Task objective
Please set down each of the lines below once more, exactly, omitting all pictures.

Provided material
============

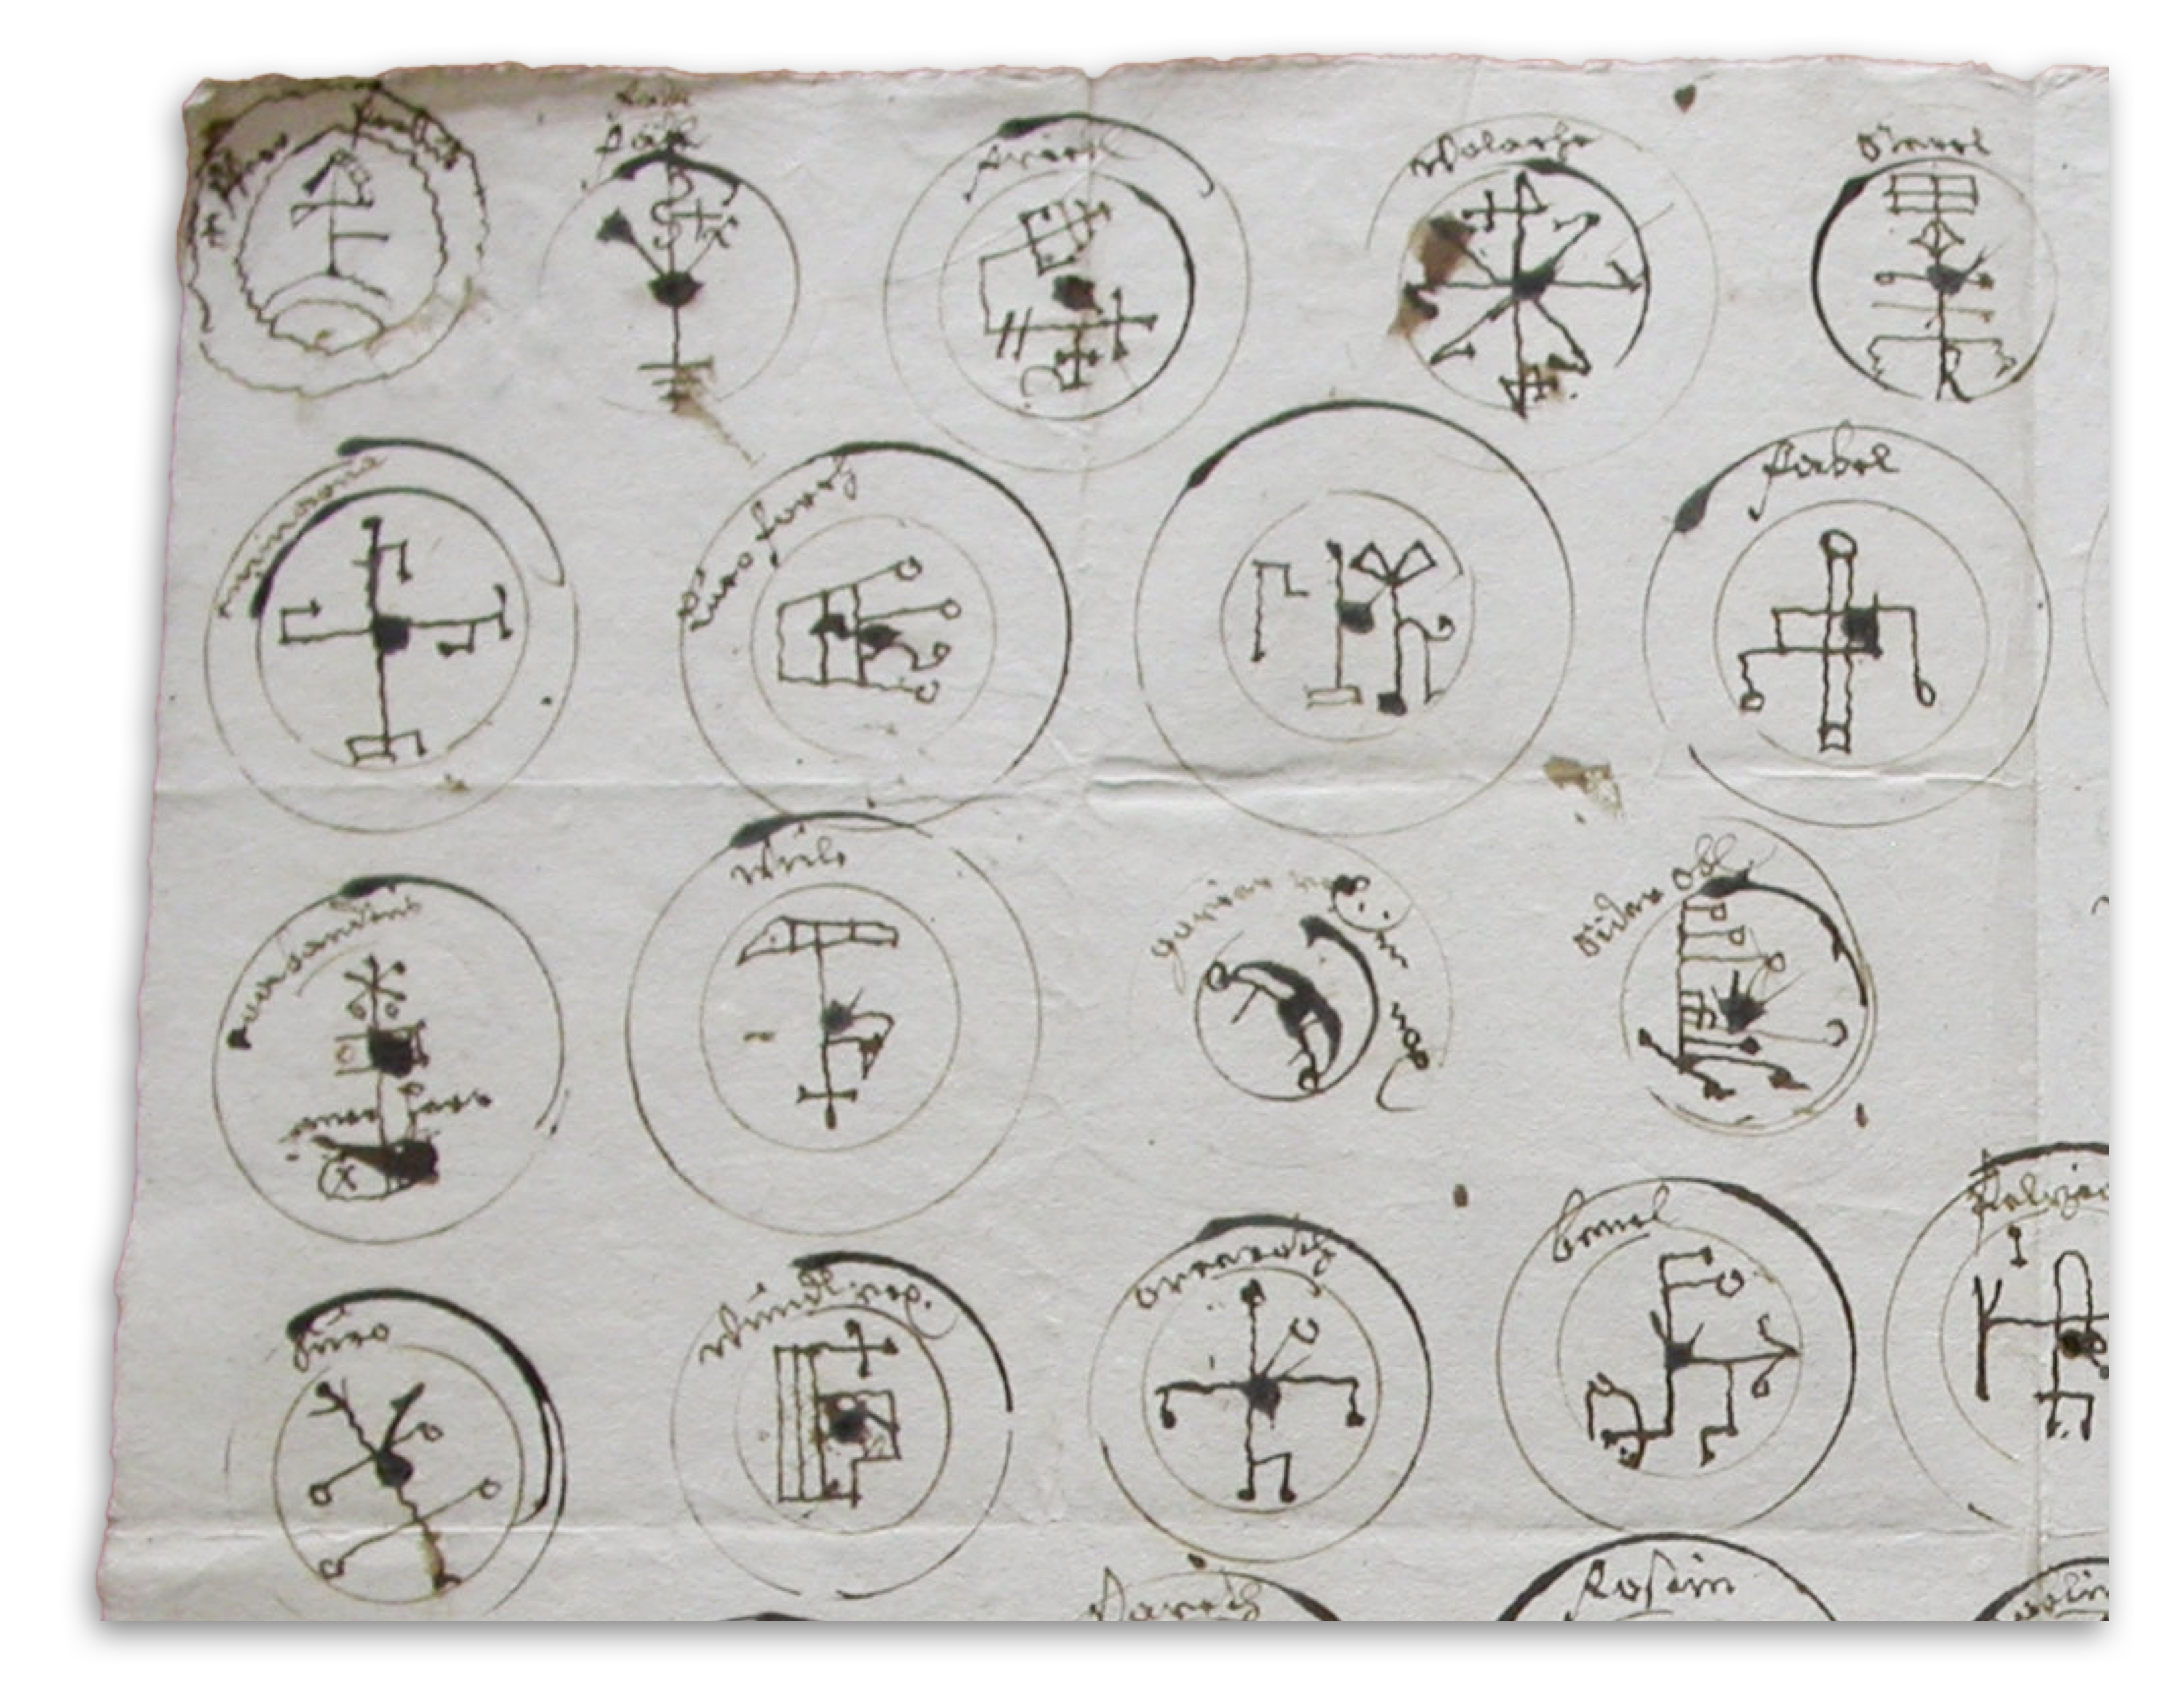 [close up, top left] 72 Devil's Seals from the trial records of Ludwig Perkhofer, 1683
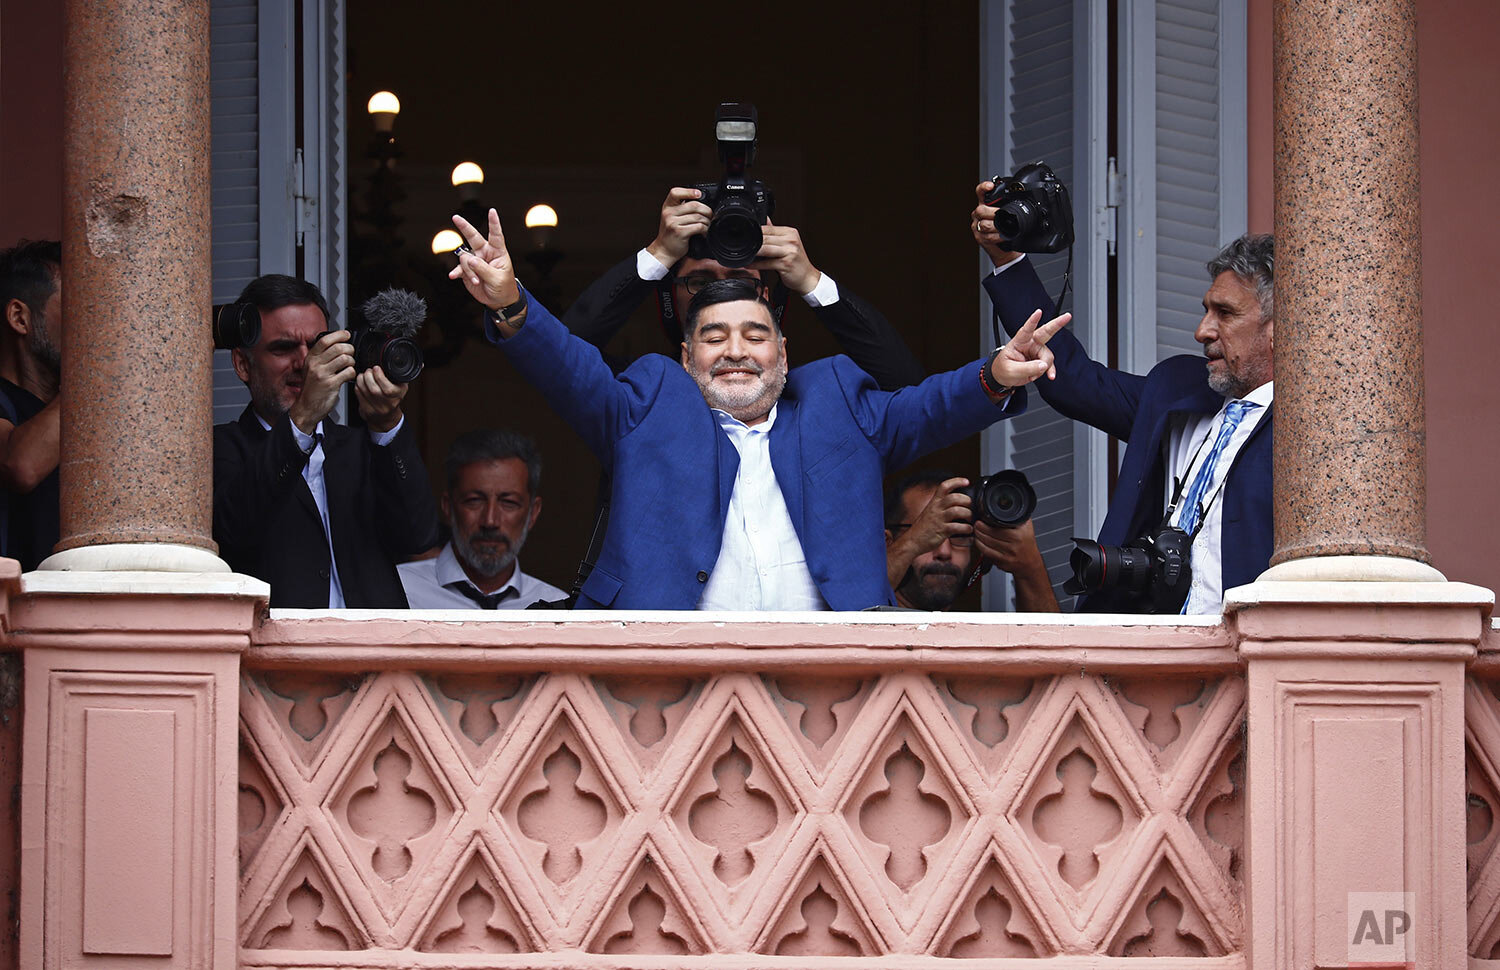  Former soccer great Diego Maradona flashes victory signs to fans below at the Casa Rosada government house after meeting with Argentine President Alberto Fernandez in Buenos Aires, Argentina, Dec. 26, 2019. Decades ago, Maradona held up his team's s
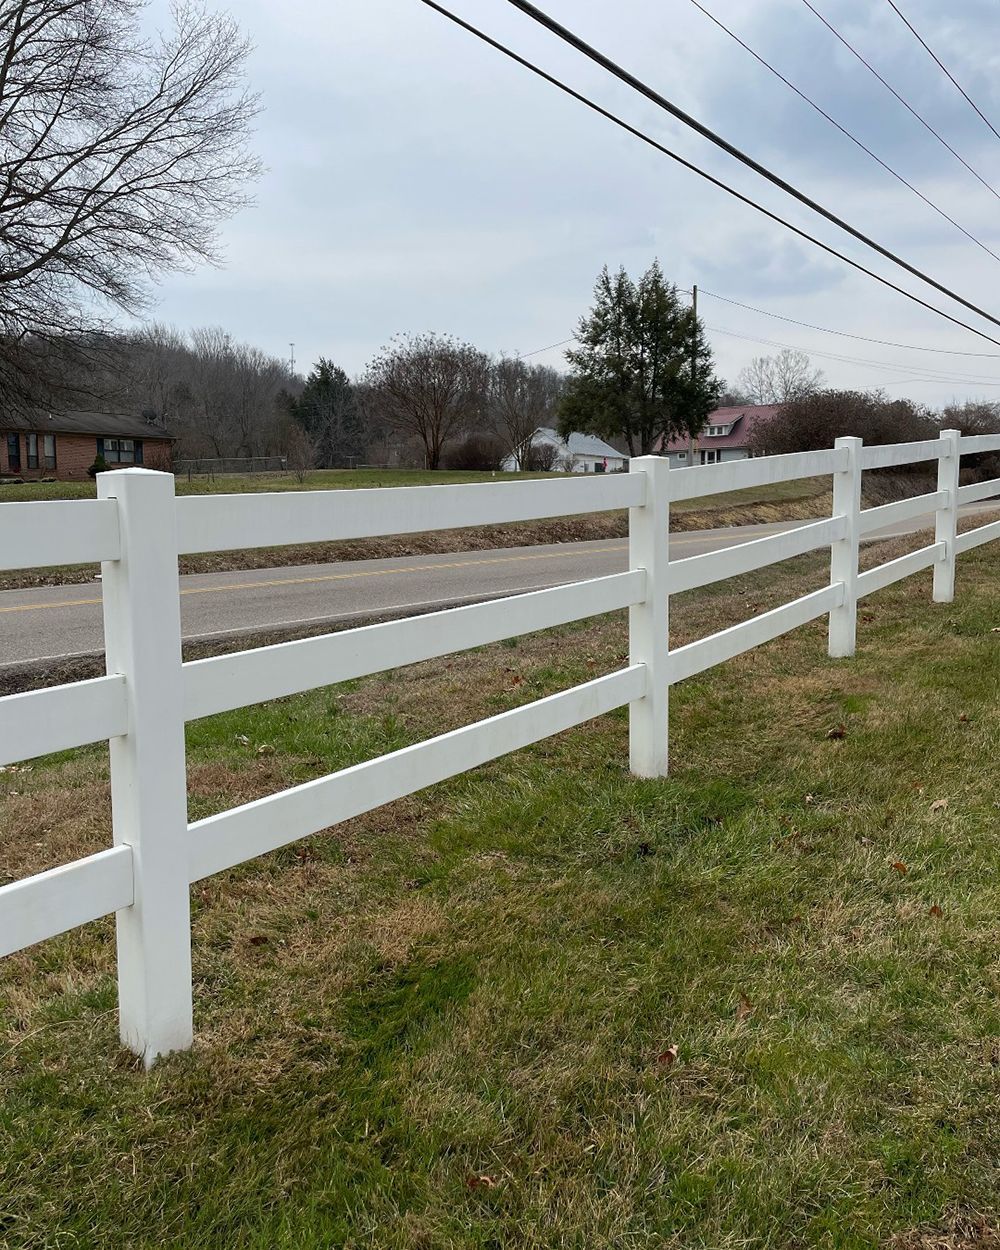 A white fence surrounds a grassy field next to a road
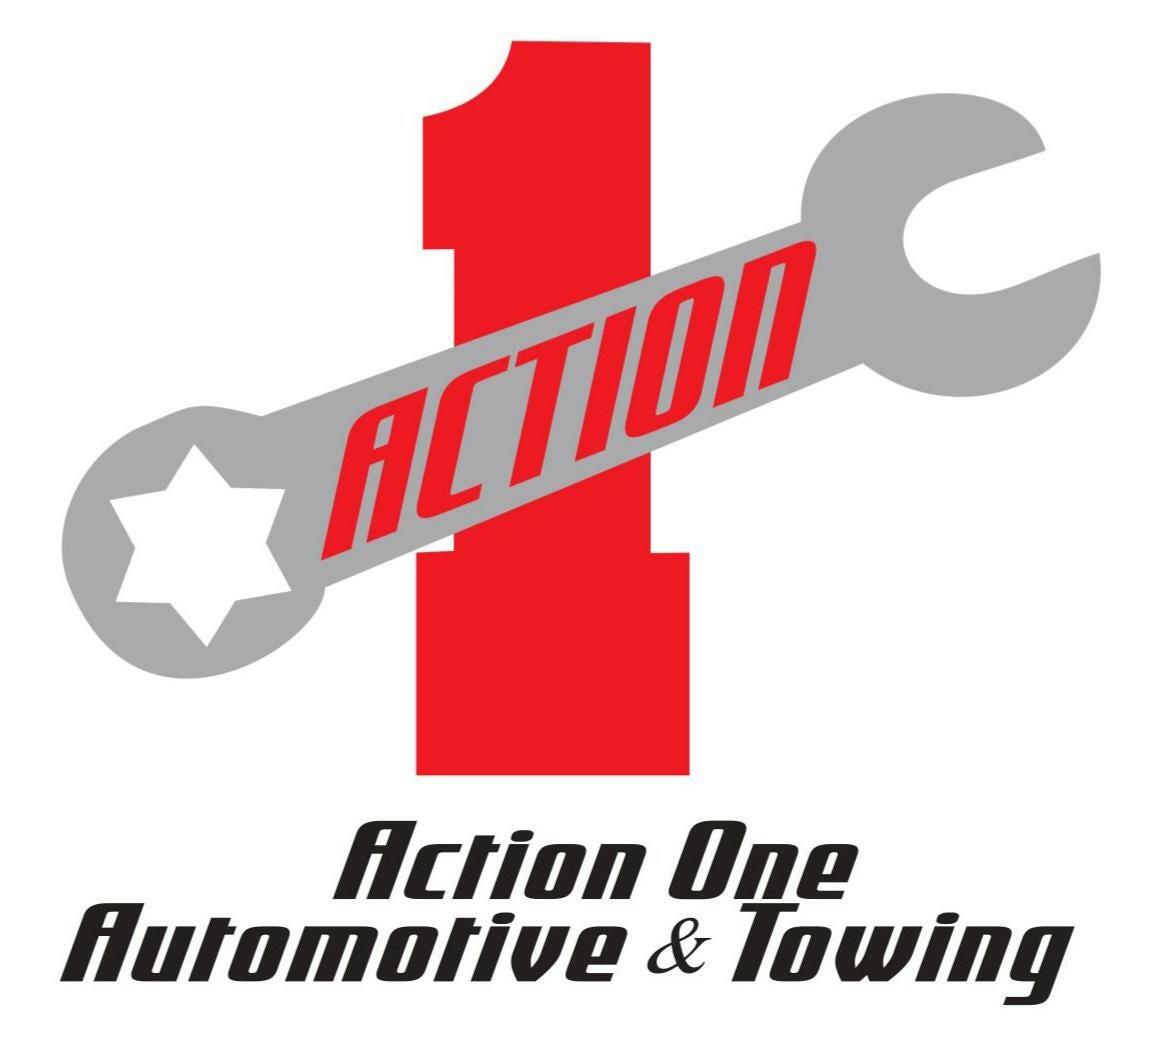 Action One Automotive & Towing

============

Response below
 [close up, top left] 72 Devil's Seals from the trial records of Ludwig Perkhofer, 1683
  Former soccer great Diego Maradona flashes victory signs to fans below at the Casa Rosada government house after meeting with Argentine President Alberto Fernandez in Buenos Aires, Argentina, Dec. 26, 2019. Decades ago, Maradona held up his team's s
 A white fence surrounds a grassy field next to a road
 Action One Automotive & Towing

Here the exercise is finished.